Well, Poppy didn't seem too bad at this time. If she could jump in the lake and have a swim, she obviously wasn't too bad, and definitely not unwell. It was later on in the week she seemed to get worse, and perhaps the swim in the lake didn't help. She is usually a happy little dog, and seems to enjoy her food. She will make sure she gets fed on time and will come up to me and bark when she knows it's time. We usually watch "The One Show" on BBC1 each evening, and as soon as the music starts up at the end, she will come to me and bark and make a fuss. Alfie is fully aware of the time I feed them, and doesn't make much fuss. He's a patient little soul. But over the next few days Poppy was off her food. Carol became concerned and was on the verge of taking her to the vet. She went on the internet and found that dogs of Poppy's size were prone to this breathing problem. She was recommended to give Poppy Asprin and used a couple of the soluble Asprin tablets I have been prescribed to prevent blood clots and ward off another heart attack. This was mixed in with some of her food. We even got some lighter dog food for her, and Poppy did eventually eat this. Gradually she seemed to get better. Carol sat one evening with Alfie on her lap and brushed him. He doesn't mind it too much, infact I think he likes it. He certainly likes the attention, but touch him or brush him in the wrong place and he will growl at you. Usually these are areas of his coat which are matted or tangled, and no doubt the comb or brush gets snagged in his coat and pulls and must hurt considerably. Poppy was hiding behind the sofa.
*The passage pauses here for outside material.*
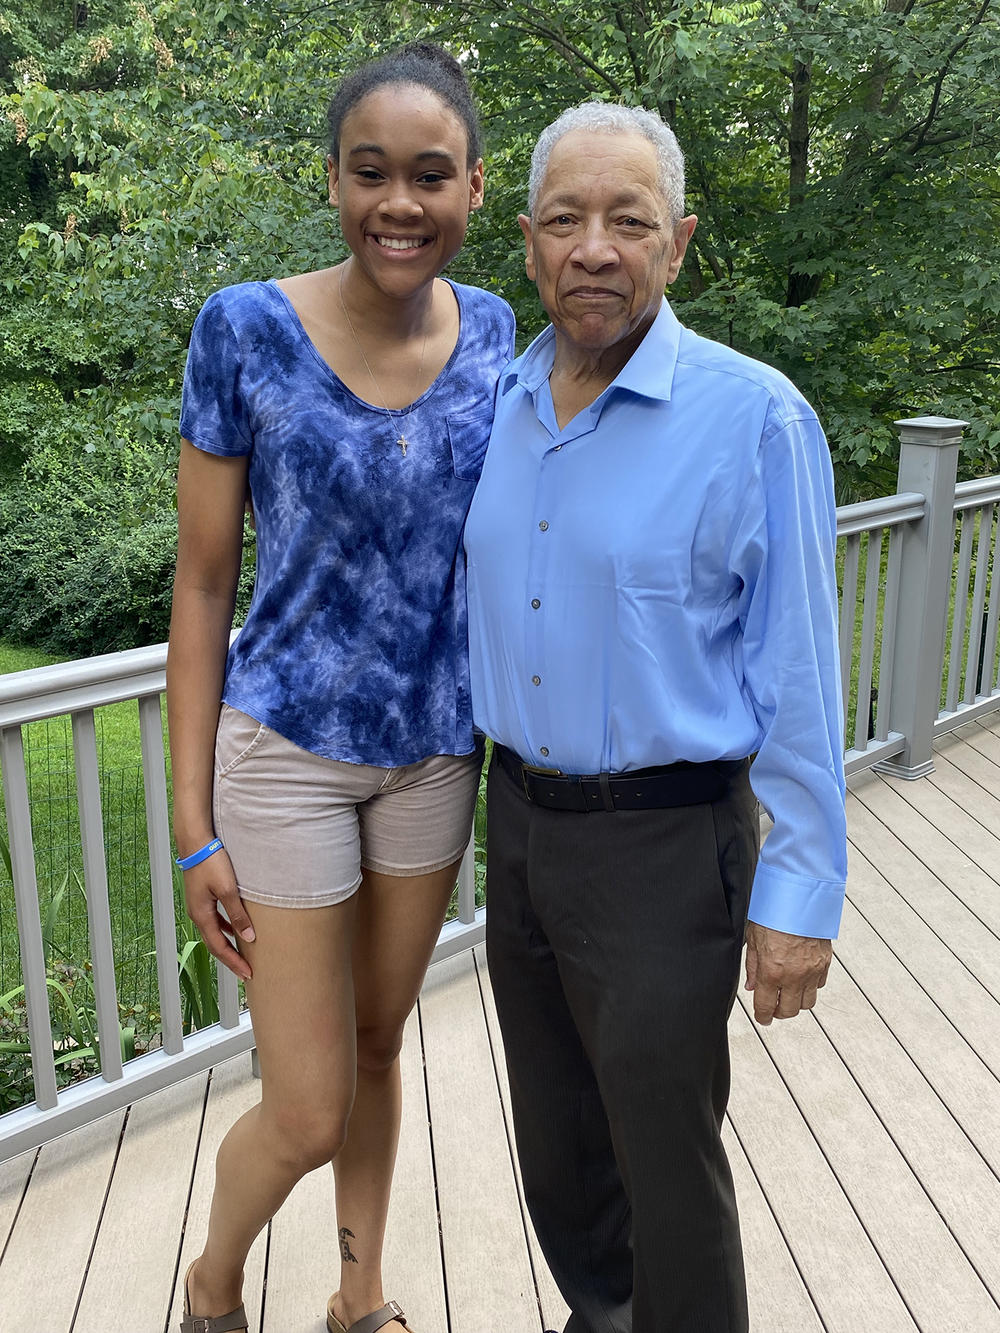 Deanna Yancey (left) and her grandfather, Ronald Yancey pose together in May 2024.

Whenever she hurts herself, say, with a claw that gets pulled or caught or something, she can become a real prima donna and hide under the bed, or, in this case, behind the sofa. We heard her sneeze, and sneeze several times, perhaps six times. As a result, she improved rapidly. We wondered whether she had something lodged in her throat, which made her breath with that horrible noise, the sneezing dislodging whatever it was. But, thankfully, she returned to her old self and got better. She ate her dinner that evening and we were really relieved.

The following day we walked with the dogs to the shop the other side of Eaglestone estate. We let the dogs off their leads in the park, which resulted in them both running around madly. Alfie rushes all over the place, and Poppy noses around under buses and goes into people's front gardens. She saw a cat and chased it across the park, proving that she must have got over her period of being unwell. The cat must have wondered what on earth it was that had hit it! Fortunately Poppy never managed to catch up with it, but she really doesn't like cats!